Par François Misser
La perspective du déclassement de portions du Parc, inscrit au Patrimoine de l’humanité, soulève un tollé chez les ONG congolaises.
Par François Misser
La perspective du déclassement de portions du Parc, inscrit au Patrimoine de l’humanité, soulève un tollé chez les ONG congolaises.
La récente révélation par l’ONG britannique Global Witness de l’intention de Kinshasa d’autoriser l’exploitation pétrolière dans deux parcs classés au patrimoine mondial de l’humanité par l’UNESCO
, suscite une levée de boucliers chez les ONG congolaises. Dans une déclaration publiée le 4 mai, 19 organisations de la Société civile et des Forces vives du Nord-Kivu se disent “scandalisées” par le projet de désaffectation d’une partie des blocs pétroliers 4 et 5 du Parc national des Virunga et des blocs 1 et 2 du Parc de la Salonga, présenté au gouvernement, le 28 mars 2018 par le ministre des Hydrocarbures, Aimé Ngoi Mukena. Au total, 2,767,5 km2 devraient être déclassés dans la Salonga, sanctuaires des singes bonobos, outre 400 km2 du bloc 5 du Graben Albertine et la totalité du bloc 4 (1320,75 km2), représentant 21,5% de la superficie totale du Parc des Virunga,.“Nous ne cesserons jamais de rappeler que les activités liées à l’exploitation du pétrole présentent les risques suivants : (…) c’est un écosystème très fragile et très vulnérable, (…),face à toute forme de pollution surtout par les hydrocarbures et dont les effets sont connus par tous, à savoir, la destruction de la biodiversité en général, la pollution de l’eau du bassin du Nil”, indique la déclaration. Celle-ci rappelle que le parc des Virunga est “une zone de nidification des oiseaux migrateurs venus du monde entier” et “une zone stratégique en tant que bouclier contre le changement climatique”. De surcroît, la société civile s’inquiète de la menace sur l’existence des tourbières du Parc de la Salonga que fait planer l’exploitation pétrolière.
Rebelles Maï Maï
Tout en considérant “délirantes” les propositions du ministre des Hydrocarbures, un spécialiste de la conservation confie à la Libre qu’à son avis le projet ne passera pas la rampe. Il est tout de même potentiellement dangereux. Car les rebelles Maï Maï, déjà impliqués dans la pêche illégale sur le lac Edouard, aux confins du Parc des Virunga, pourraient s’engouffrer dans les espaces abandonnés par les éco-gardes de l’Institut congolais pour la conservation de la nature. En effet, les sociétés de sécurité privées engages par les compagnies pétrolières n’ont pas vocation à protéger la faune et la flore. Cette même source veut croire que le Comité interministériel qui doit encore se prononcer sur la proposition du ministre des Hydrocarbures, va la rejeter en raison de l’opposition du ministre de l’Environnement, Amby Ambatobe.

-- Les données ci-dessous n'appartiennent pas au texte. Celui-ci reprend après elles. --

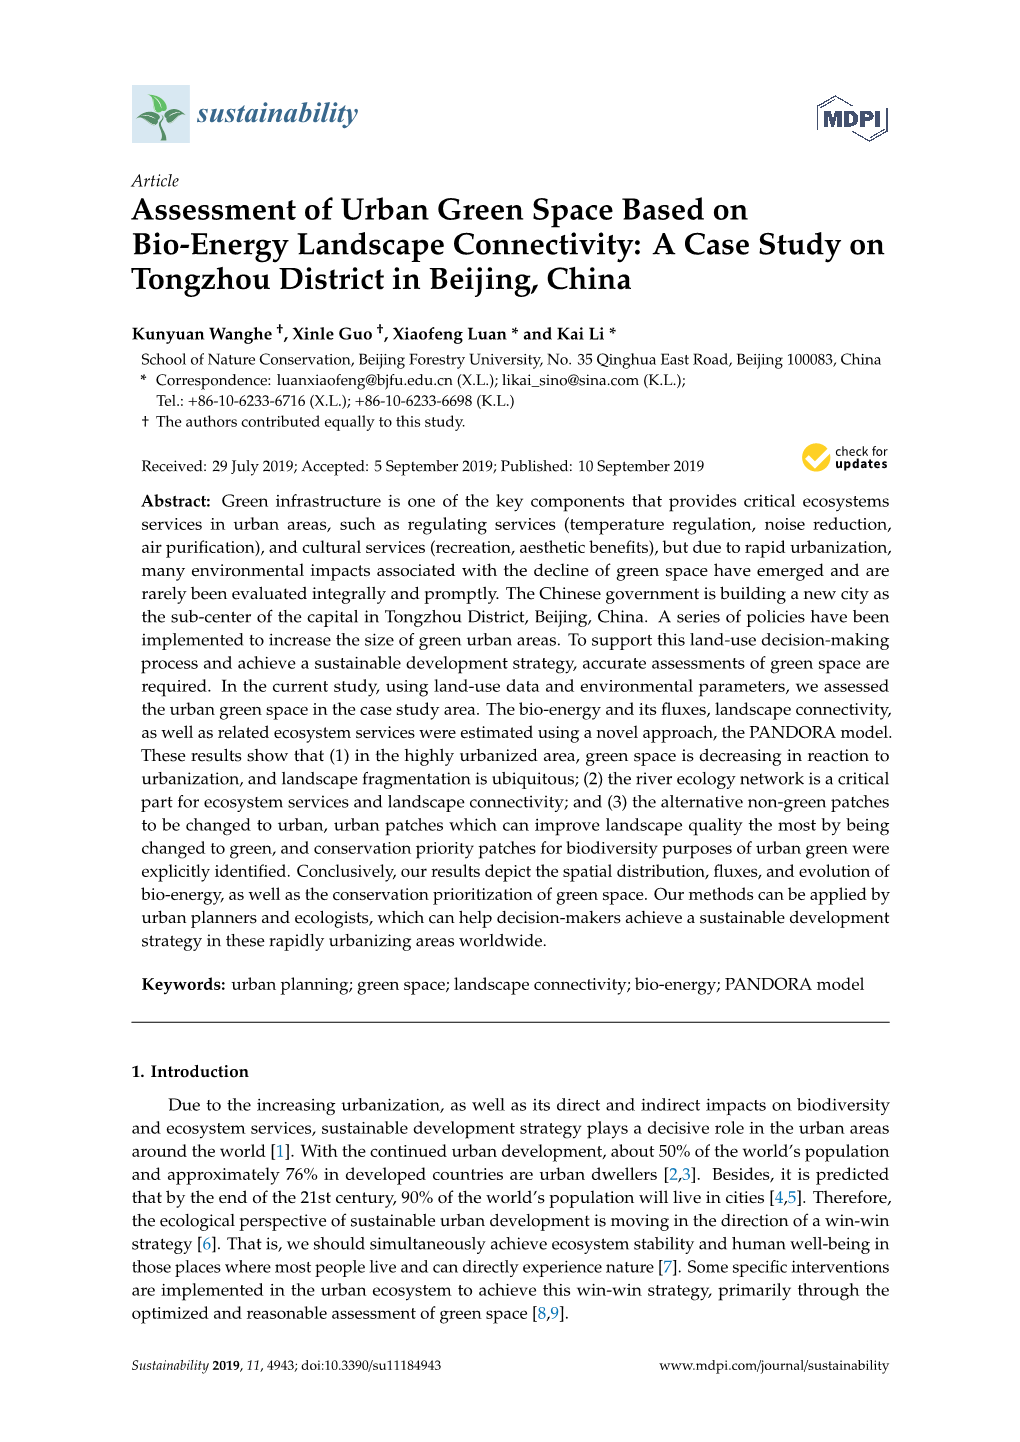 Assessment of Urban Green Space Based on Bio-Energy Landscape Connectivity: a Case Study on Tongzhou District in Beijing, China

Moins optimiste. un autre spécialiste de la conservation estime qu’Ambatobe est sur un siège éjectable et ne fait pas le poids face à Ngoi Mukena, proche du Président. Plusieurs éléments augurent d’ailleurs de la volonté politique d’exploiter le pétrole des parcs.
Le Président Kabila a signé le 1er février dernier une ordonnance approuvant le contrat de partage de production entre la RDC et la joint venture formée par la Société nationale des hydrocarbures du Congo (Sonahydroc) et la Compagnie minière du Congo de l’homme d’affaires grec, Adonis Pouroulis lui permettant d’entamer ses activités sur les blocs 1 et 2 de la Salonga
Bras de fer
En septembre 2017, la lettre Africa Energy Intelligence de Paris a révélé que la Sonahydroc, avait signé un « accord de principe » concernant la reattribution du le bloc V du Graben Albertine, empiétant sur le parc des Virunga à la société Oil Quest International,.
La partie de bras de fer n’est donc pas gagnée pour les défenseurs de l’environnement carAimé Ngoi Mukena a bétonné sa démarche au plan juridique. Dans sa note au gouvernement, il rappelle que la loi du 1er août 2015, sur les hydrocarbures prescrit que “pour cause d’utilité publique, un décret délibéré en conseil des minitres peut autoriser les activités d’exploration” dans les parcs, En outre, écrit le ministre, la Convention de l’UNESCO sur la protection du patrimoine mondial de 1972 admet la possiblité d’exploitation dans les parc nationaux. Enfin, la législation congolaise autorise la révision unilatérale des accords instituant les aires protégées si l’intérêt national l’exige.